Prefazione della DEA

Domande da porre

C'è stato consenso, tra i partecipanti al Forum Anti-Legalizzazione [della droga], anche sul bisogno di porre un certo numero di domande a coloro i quali [ne] propongano la legalizzazione. Troppo spesso, i particolari di come realizzare un sistema per la distribuzione e la vendita delle droghe legalizzate non sono mai discussi. Invece, una retorica semplificatrice è utilizzata per deviare una seria considerazione delle molte domande a cui bisogna pensare bene, prima che si possano valutare le ramificazioni delle proprie proposte. I partecipanti al forum hanno suggerito che le seguenti domande vengano poste coerentemente, allo scopo di illustrare la superficialità del concetto di legalizzazione.

Accogliamo entusiasticamente questa esigenza posta dalla DEA e rispondiamo dettagliatamente a ciascuna domanda, utilizzando come fonte del diritto i "Principi Primi", cioè il diritto individuale di autodeterminazione: "Nessuno ha il diritto di violare l'altrui diritto di disporre del proprio corpo e dei propri beni", che permette a ciascuno la "ricerca della propria felicità" senza mai permettergli di far del male al prossimo o di violarne l'uguale, assoluto, diritto di autodeterminazione. (Chi fosse interessato ad approfondire tali argomenti è invitato a leggere "L'Anticostituzione", disponibile sempre in queste pagine).

1) Should all drugs be legalized?

1) Tutte le droghe dovrebbero essere legalizzate?

Partiamo dal diritto individuale di autodeterminazione: "Nessuno ha il diritto di violare l'altrui diritto di disporre del proprio corpo e dei propri beni".

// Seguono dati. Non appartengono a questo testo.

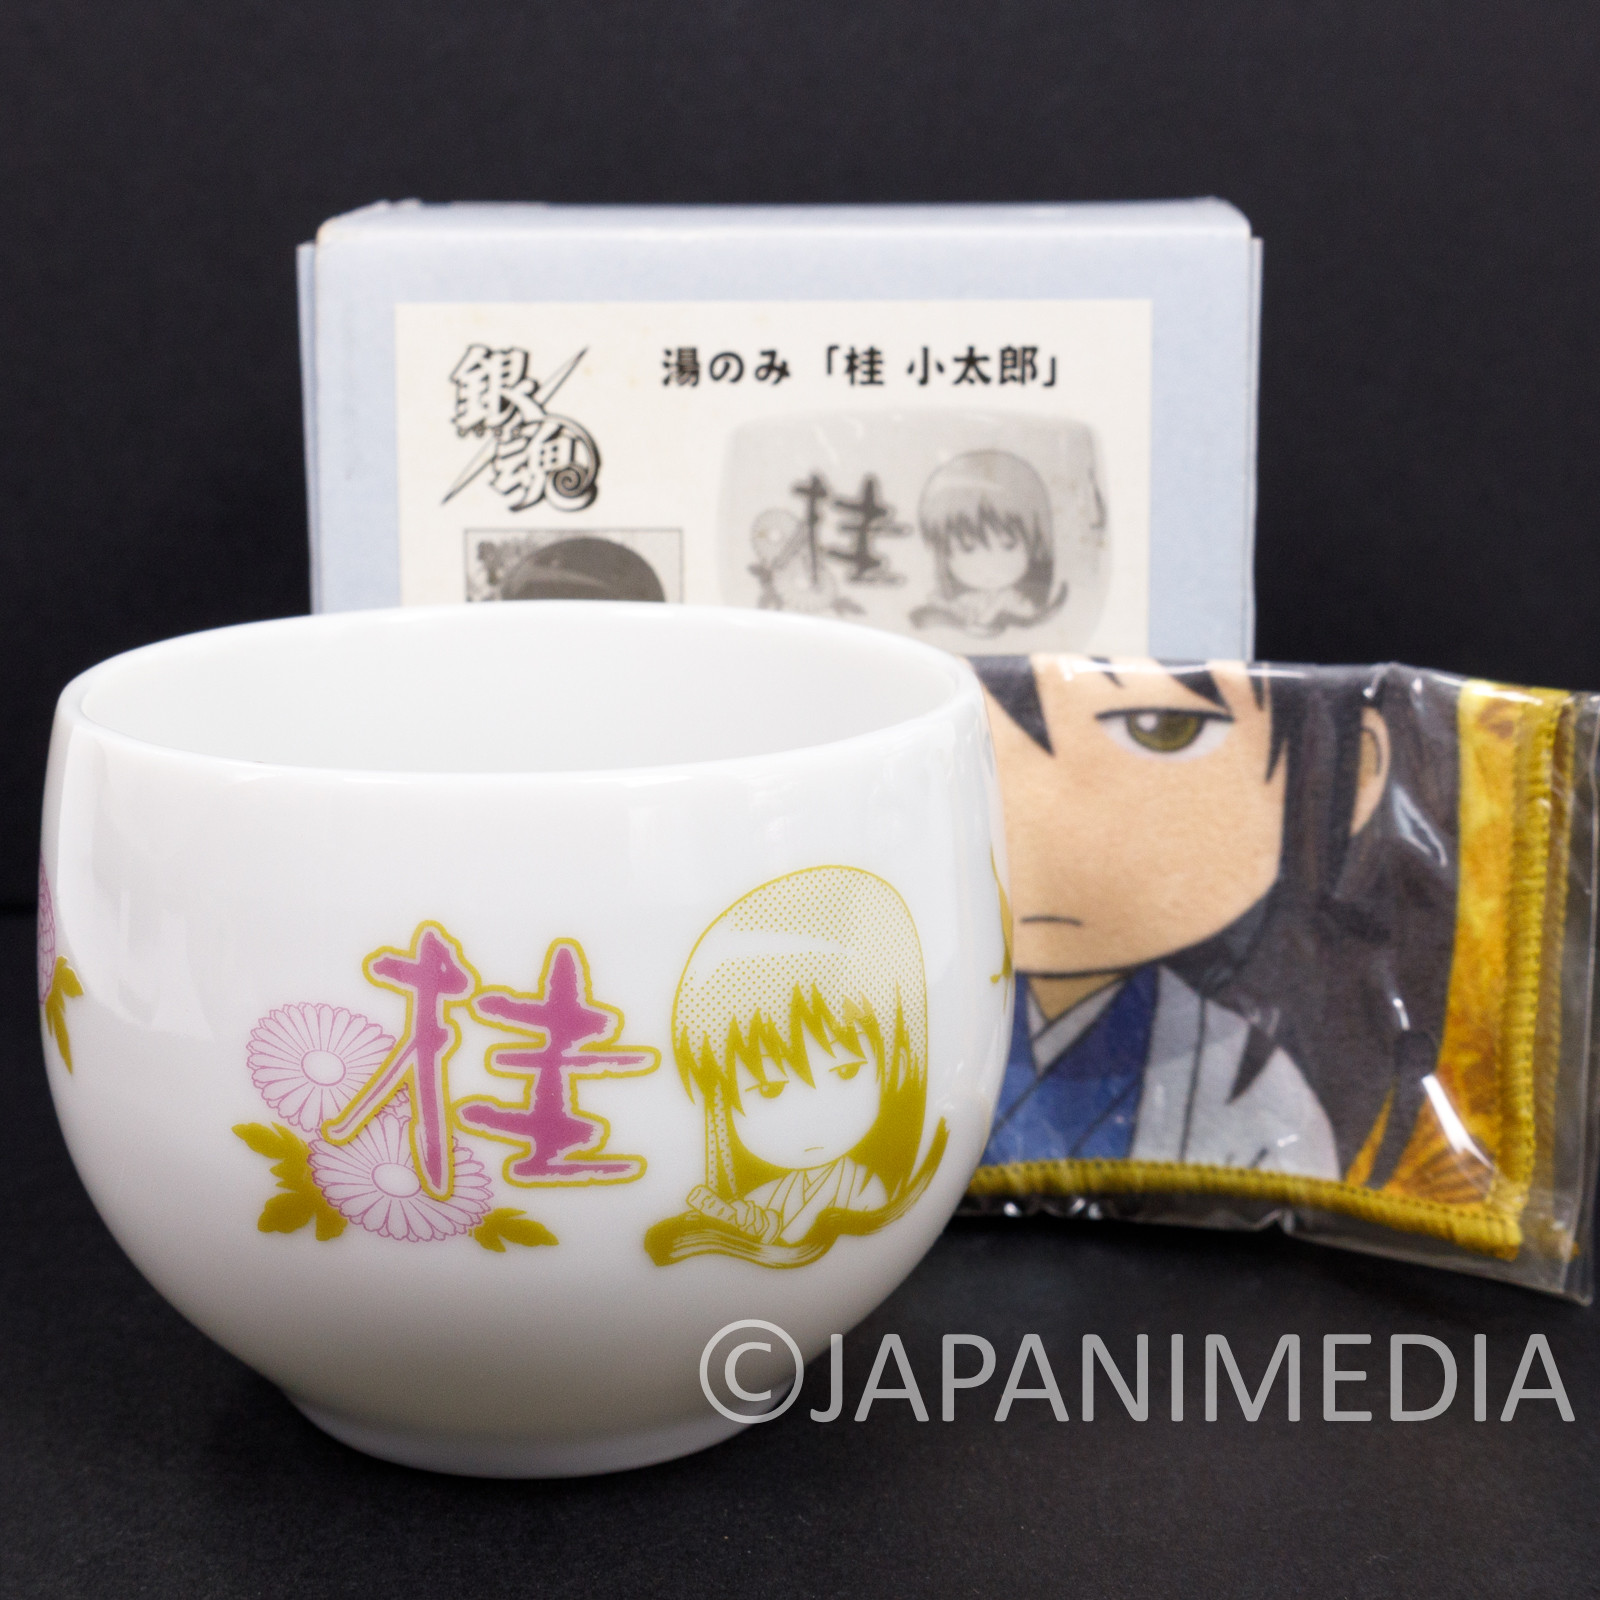 Gintama Kotaro Katsura Yunomi Japanease Tea Cup w/ Microfiber Cloth
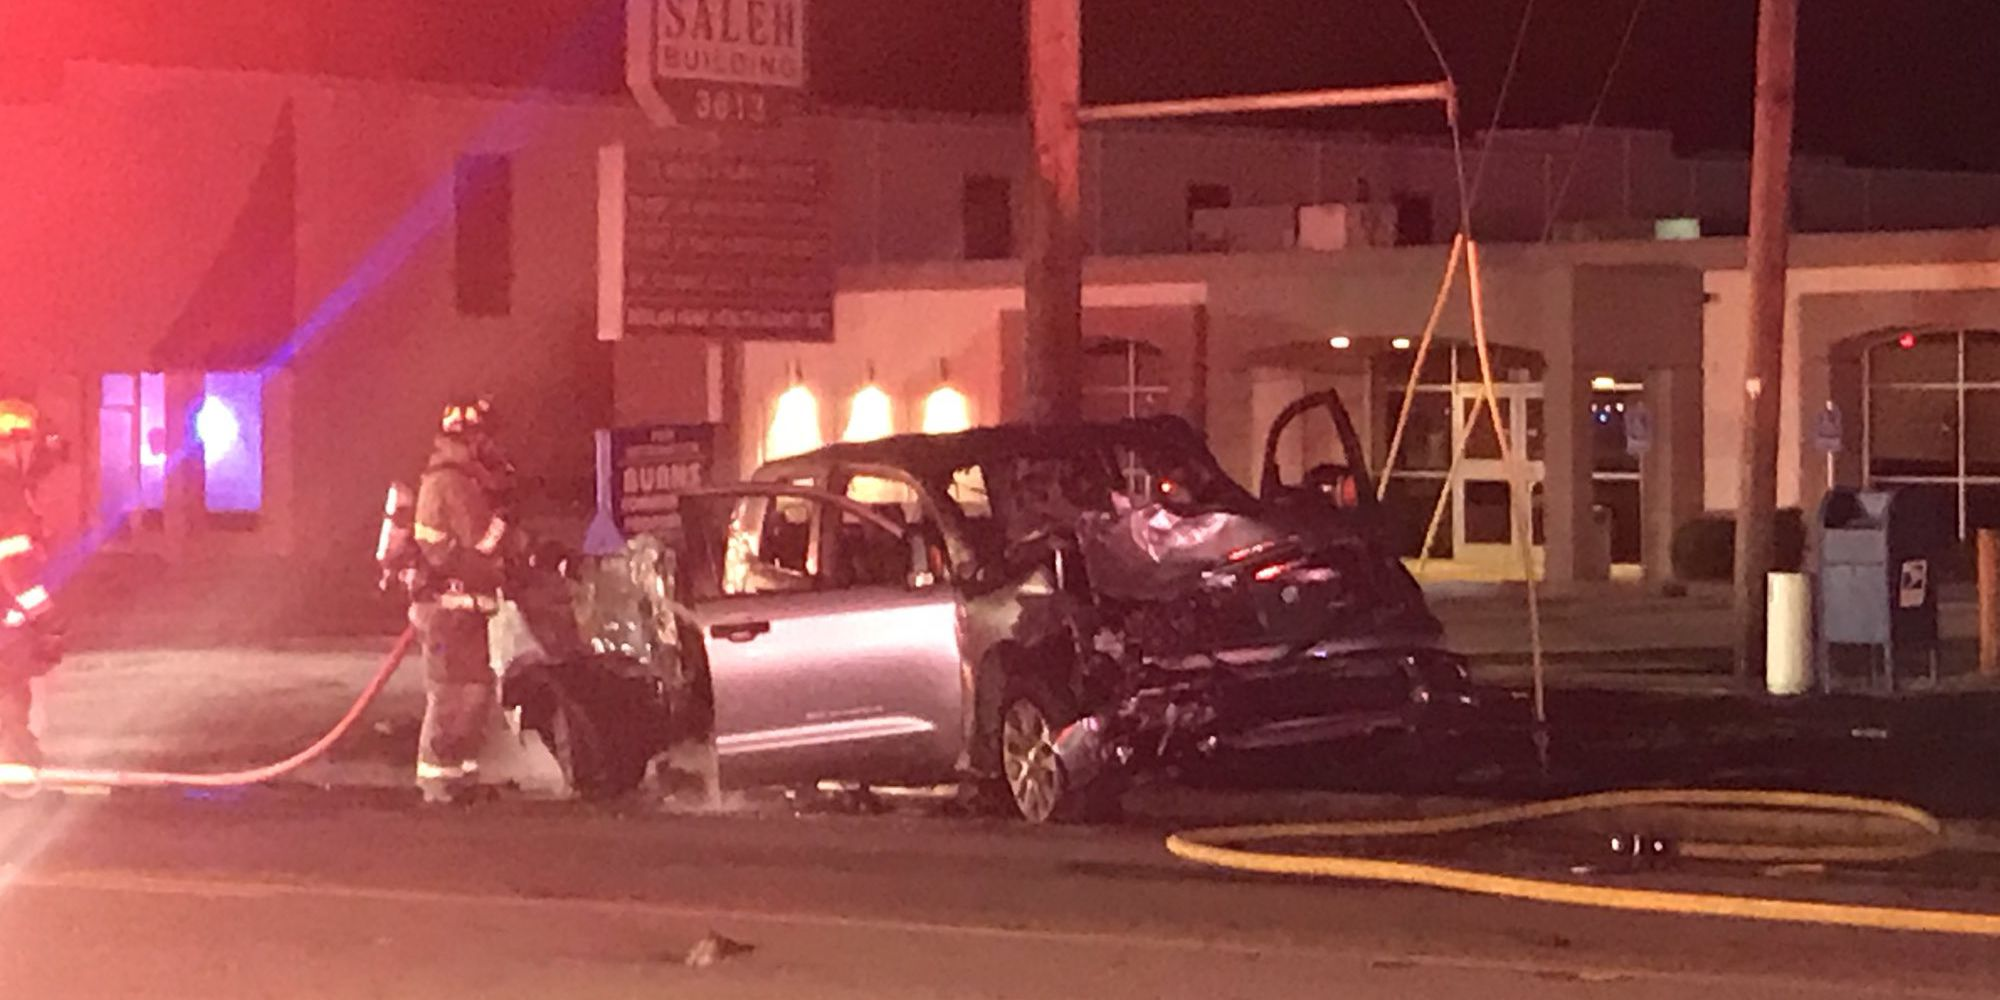 Tyler police identify motorcyclist killed in overnight fiery crash

Il cittadino X ha quindi il diritto di disporre dei propri beni per produrre droga.

Il cittadino Y ha il diritto di disporre dei propri beni per acquistare la droga dal cittadino X.

Il cittadino Y ha il diritto di disporre del proprio corpo per assumere la droga così acquistata.

(Per il caso degli incapaci mentali si veda la terza domanda).

La risposta alla domanda è quindi:

Sì.

(Tutte le droghe devono essere legalizzate, o depenalizzate. Nessuno può impedire con la violenza la produzione, il commercio ed il consumo di qualsiasi droga).

2) Who will determine which segments of the population will have access to legalized drugs?

2) Chi determinerà quali segmenti della popolazione avranno accesso alle droghe legalizzate?

Partiamo dal diritto individuale di autodeterminazione: "Nessuno ha il diritto di violare l'altrui diritto di disporre del proprio corpo e dei propri beni".

Questo diritto non fa distinzione tra un cittadino e l'altro. Ogni cittadino è sovrano di se stesso.

La risposta alla domanda è quindi:

Nessuno.

(Nessuno ha il diritto di determinare quale segmento della popolazione avrà accesso alle droghe legalizzate e di imporre con la violenza l'obbedienza a queste decisioni).

3) Will they be limited only to people over eighteen?

3) (Le droghe) saranno limitate solo alle persone sopra i diciotto (anni)?

Partiamo dal diritto individuale di autodeterminazione: "Nessuno ha il diritto di violare l'altrui diritto di disporre del proprio corpo e dei propri beni".

Questo diritto può essere applicato da chi è in grado di comprenderlo.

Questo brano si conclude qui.